1. Aktuelle Zahlen 2024
- Gemeldete Berufskrankheiten: rund 160.000 Verdachtsanzeigen
- Anerkannte Berufskrankheiten: 26.821 Fälle
- BK-bedingte Todesfälle: 1.888 (-11,8 % vs. 2023), davon rund zwei Drittel krebsassoziiert
- Asbestanteil: ca. 65 % aller BK-Todesfälle weiterhin asbestbedingt
Der Rückgang der Anerkennungen 2024 ist überwiegend technisch bedingt: Nach Auslaufen der COVID-19-Sonderkonjunktur bei BK 3101 normalisiert sich die Statistik. Krebsbedingte BK-Fälle zeigen dagegen eine stabile bis leicht sinkende Tendenz – mit Ausreißern im Asbest- und Quarzstaubbereich, wo Expositionen oft vor 20–40 Jahren stattgefunden haben.
2. Die 6. BKV-Novelle (April 2025)
Anfang April 2025 trat die Sechste Verordnung zur Änderung der BKV in Kraft. Sie erweitert die Liste um drei neue Einträge:
| BK-Nr. | Erkrankung | Branchen |
|---|---|---|
| BK 2116 | Rotatorenmanschettenläsion | Fliesenleger, Maler, Schweißer, Monteure |
| BK 2117 | Gonarthrose bei Profifußballern | Leistungssport |
| BK 4116 | COPD durch Quarzstaub | Bau, Steinmetz, Gießereien, Tunnel |
3. Die wichtigsten arbeitsbedingten Krebserkrankungen
Asbestassoziierte Erkrankungen (BK 4103–4105, 4114, 4115). Mesotheliom, Bronchial-, Larynx-, Ovarial- und Pharynxkarzinom. Latenzzeit 20–40 Jahre. Peak-Inzidenz für Mesotheliome 2025–2030 erwartet.
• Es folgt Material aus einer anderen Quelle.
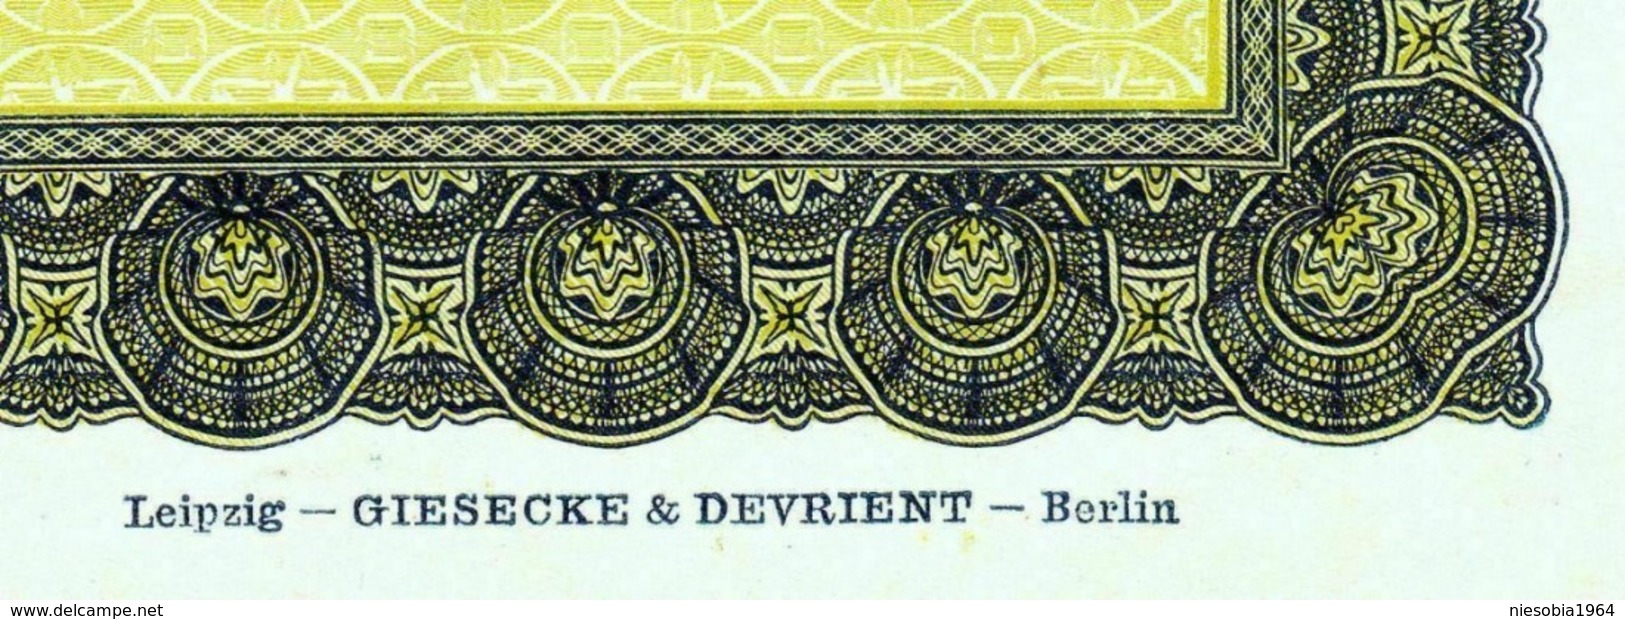 8% Hypothekenpfandbrief 1000 Gold Mark - Berlin 1924 - Weimar Republic Nr 0322 - Vintage Germany stock bond

Benzol und Derivate (BK 1303). AML nach langjähriger Benzolexposition.
PAK (BK 4113). Lungenkrebs durch PAK-Exposition (Koksofen, Dachdecker, Aluminium).
Nickel und Chrom-VI (BK 4108, 4109). Lungen- und Nasennebenhöhlenkarzinome durch Edelstahlschweißen, Galvanik.
UV-Strahlung – Hautkrebs (BK 5103). Plattenepithelkarzinom durch langjährige UV-Exposition. 2024 mit ca. 7.800 Anerkennungen die zahlenmäßig häufigste BK.